In an emailed statement to The Markup that was unsigned, the company’s media office said Michigan regulators’ questions are part of the standard process of reviewing insurance pricing.
In a written response to Michigan regulators, Allstate explained that if any two customers have the same risk profile but were assigned different rates initially, its systems would catch it and align their rates later in the process. “Allstate has not yet found any identical risks in Michigan,” Allstate wrote. “This is not an unexpected result, since the large number of possible price points when combining the proposed rating plan characteristics for each coverage make it extremely unlikely for identical risks to occur.”
Robert Hunter, a former Texas insurance commissioner and longtime critic of Allstate’s pricing practices, said the company’s argument is misleading because the insurer micro-segments policyholders using countless factors.
“If two policyholders were alike in every way but one drives a 2012 Honda Civic LX and the other a DX,” he said, Allstate would consider them “not-exactly-similar risks.”
Representatives from Allstate did not respond to The Markup’s request for comment about Hunter’s criticism.
The Markup and Consumer Reports analyzed data Allstate provided to regulators in Maryland in 2014. We found Allstate was proposing charging elevated rates to customers already paying a large amount for their car insurance but proposed lower increases to customers who had cheaper policies, even if they were due larger increases based on their underlying risk of getting into an accident.
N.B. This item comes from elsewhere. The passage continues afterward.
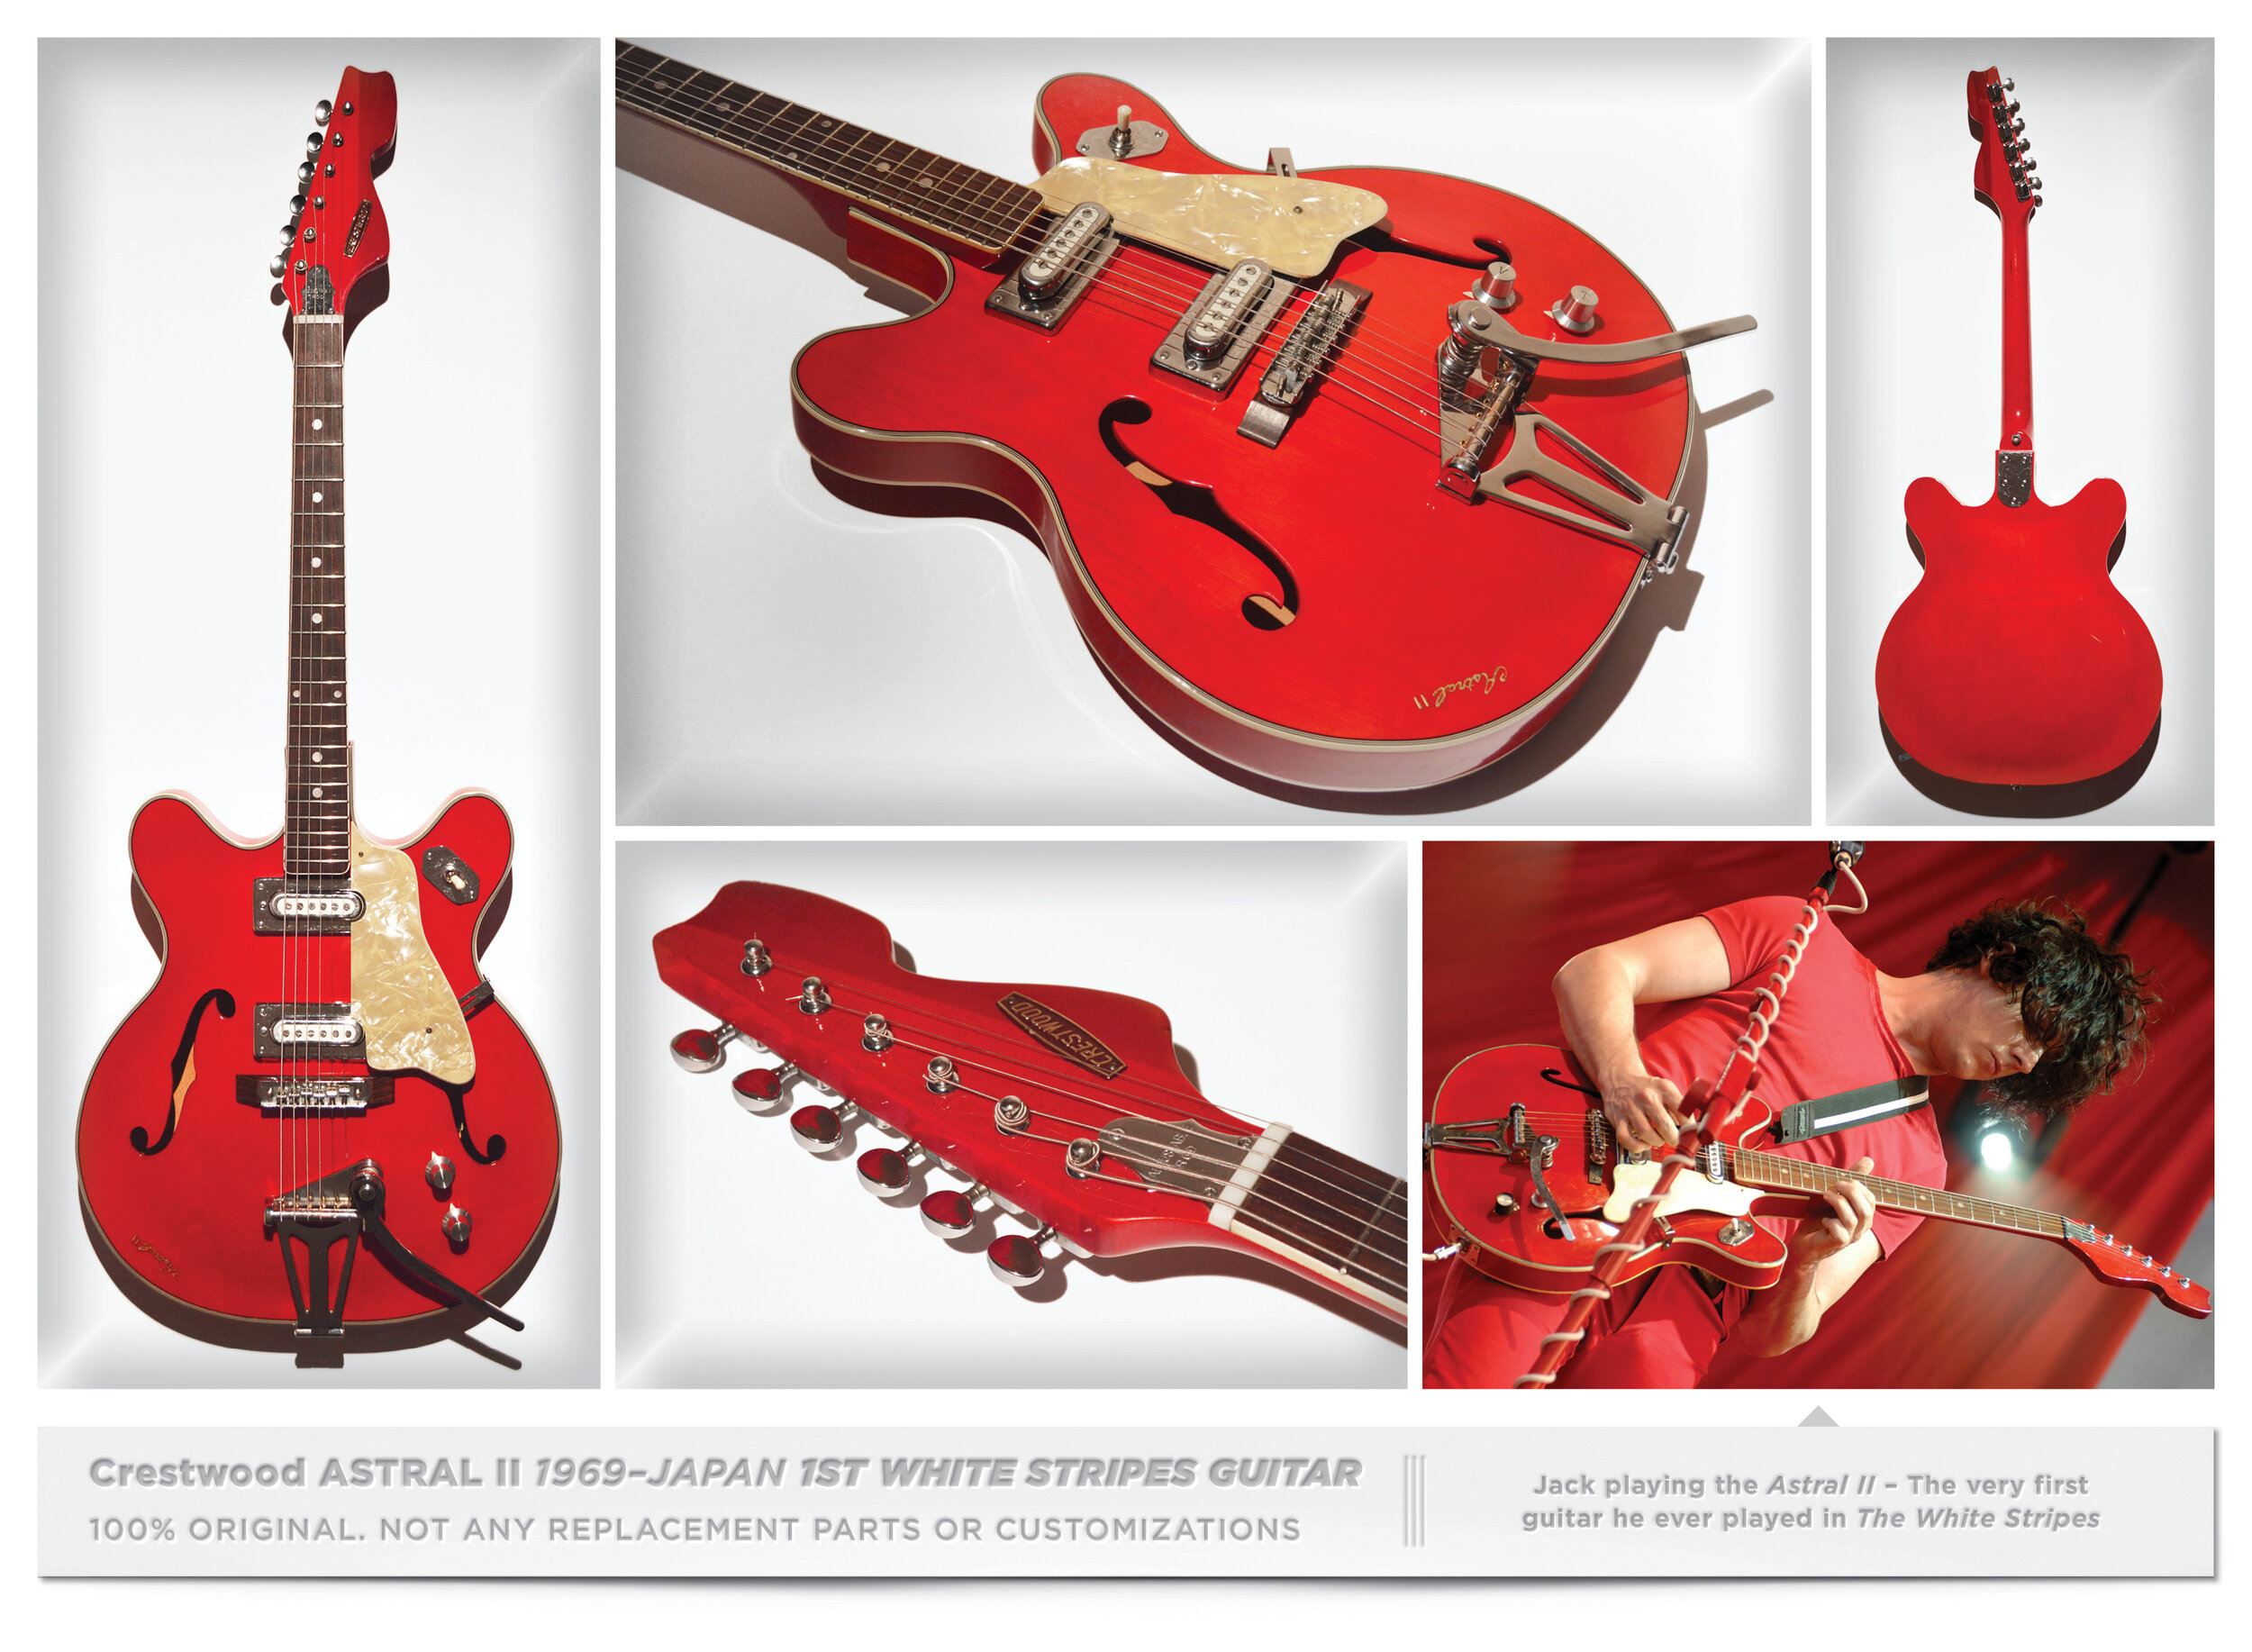 1 Crestwood ASTRAL II 1969–JAPAN 1ST WHITE STRIPES GUITAR THE JACK WHITE GUITAR COLLECTION FINAL LAYOUT.jpg

At the same time, the algorithm capped discounts to half a percent for virtually all of the customers that Allstate’s own risk calculations said deserved decreases, some of more than $1,000. We found older people and those living in areas labeled predominantly non-White by the Census would be most affected.
Maryland authorities denied Allstate’s plan, calling it discriminatory. However, we identified 10 other states, including Michigan, where Allstate had told regulators it used similar algorithms, and those plans remained in place.
We were unable to determine at that time if Allstate’s pricing systems in those states functioned in precisely the same way as the one it proposed in Maryland because Allstate didn’t answer our questions about it and we didn’t have access to enough data in those states to reverse-engineer the algorithm. The data we used to conduct the Maryland analysis is almost always kept from public view.
In the January letter, Michigan regulators said if Allstate is unable to satisfactorily answer the questions, its proposal to update the way it calculates rates in the state will be rejected. Michigan Department of Insurance and Financial Services communications director Laura Hall said the agency can’t comment on Allstate’s letter while the company’s application is still under review.
Hall said the agency’s increased scrutiny of Allstate is the result of changes to state law in July 2019, which required insurers to get prior approval from regulators before rolling out significant changes to their auto insurance policies there. Previously, Michigan allowed insurers to put new insurance pricing schemes into effect immediately, but regulators could later object.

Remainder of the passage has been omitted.